Compute resource requests in Cortex follow the syntax and meaning of compute resources in Kubernetes.

For example:

- kind: api
cpu: "2"
mem: "1Gi"
gpu: 1

CPU and memory requests in Cortex correspond to compute resource requests in Kubernetes. In the example above, the training job will only be scheduled once 2 CPUs and 1Gi of memory are available, and the job will be guaranteed to have access to those resources throughout it's execution. In some cases, a Cortex compute resource request can be (or may default to) Null.


One unit of CPU corresponds to one virtual CPU on AWS. Fractional requests are allowed, and can be specified as a floating point number or via the "m" suffix (0.2 and 200m are equivalent).


One unit of memory is one byte. Memory can be expressed as an integer or by using one of these suffixes: K, M, G, T (or their power-of two counterparts: Ki, Mi, Gi, Ti).
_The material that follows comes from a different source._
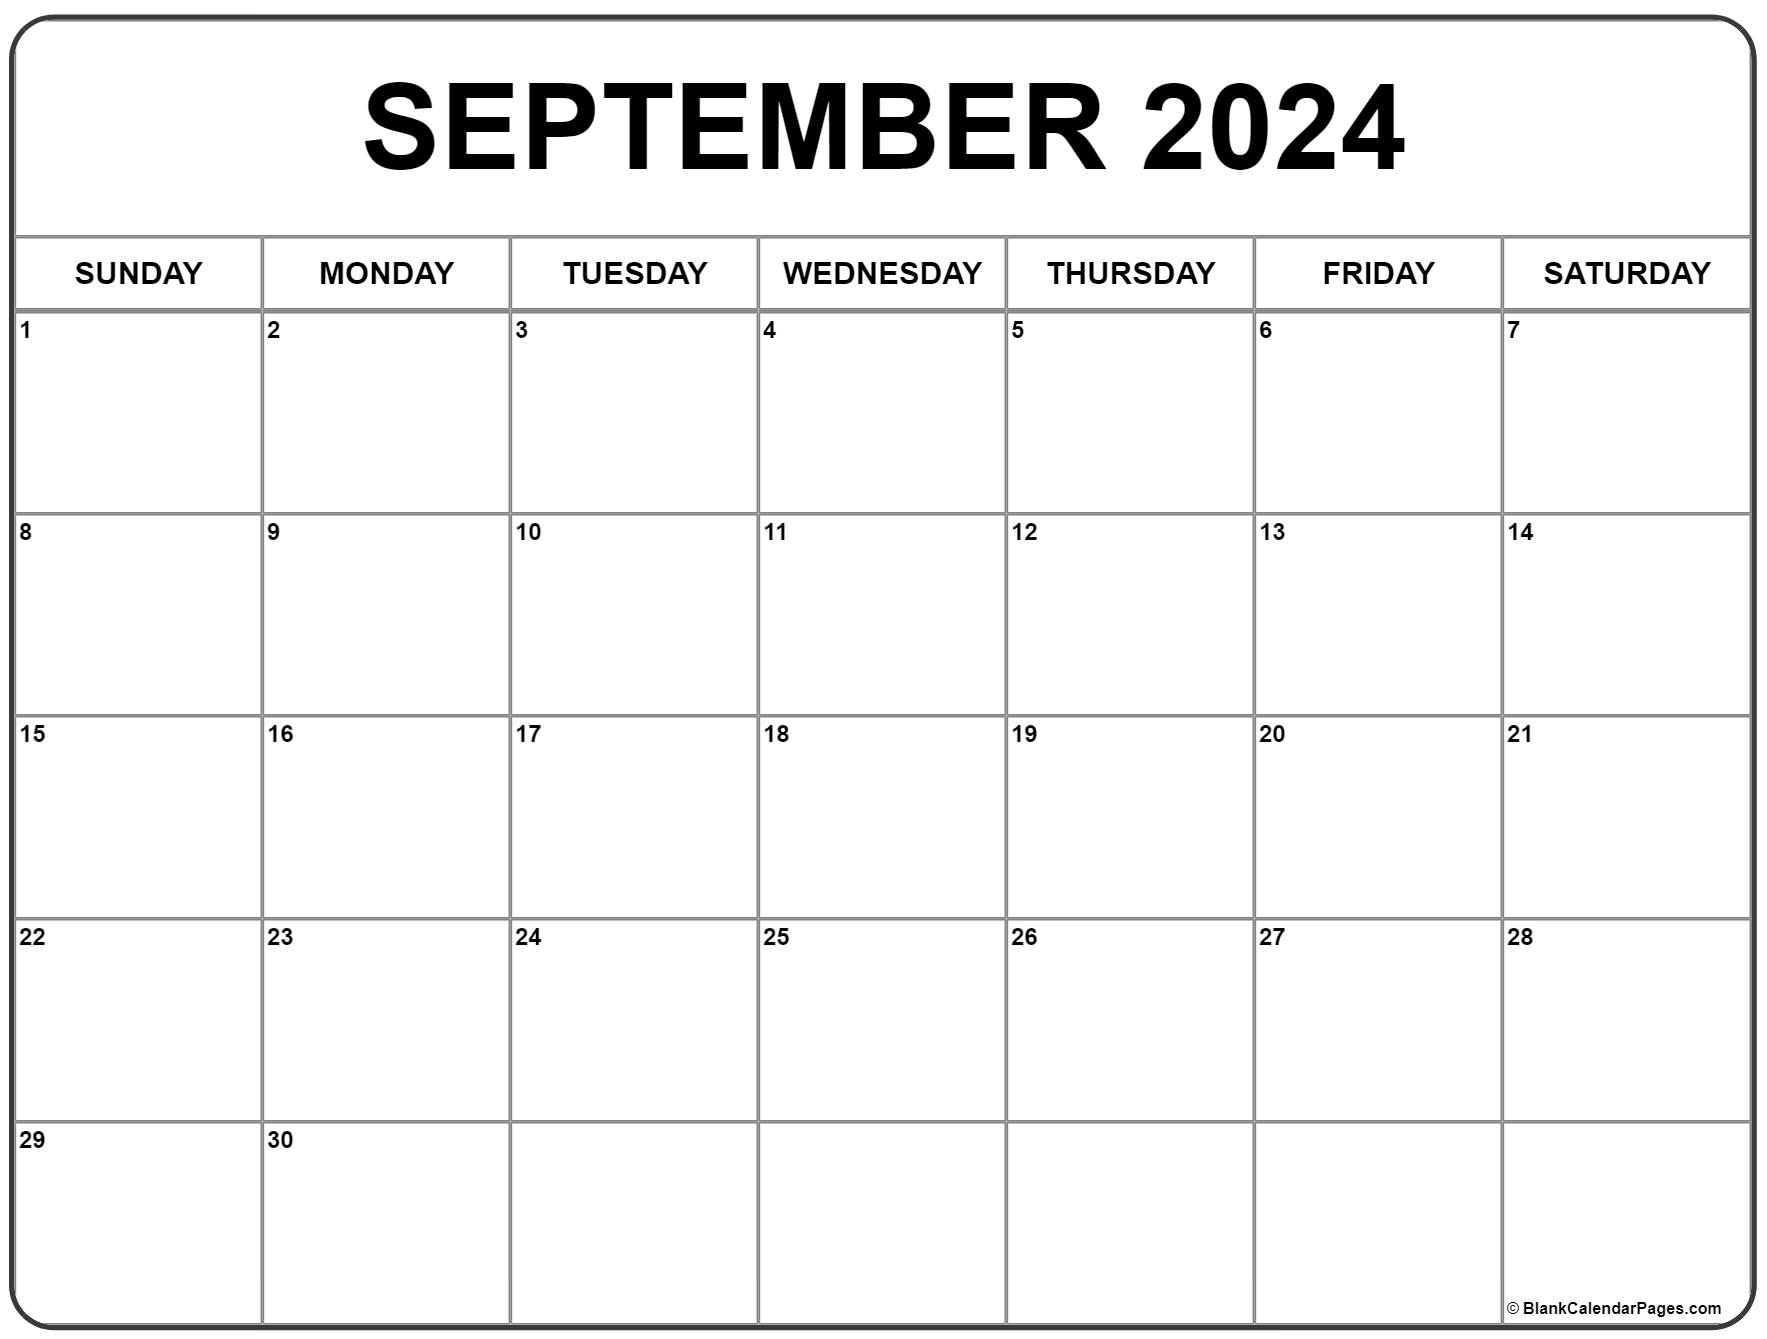 September 2022 Calendar Free Printable September 2022 Calendar | Free Printable Calendar Templates

For example, the following values represent roughly the same memory: 128974848, 129e6, 129M, 123Mi.


  1. Please make sure your AWS account is subscribed to the EKS-optimized AMI with GPU Support.

  2. Set CORTEX_NODE_TYPE to an AWS GPU instance (e.g. p2.xlarge) before installing Cortex.

  3. Note that one unit of GPU corresponds to one virtual GPU on AWS. Fractional requests are not allowed.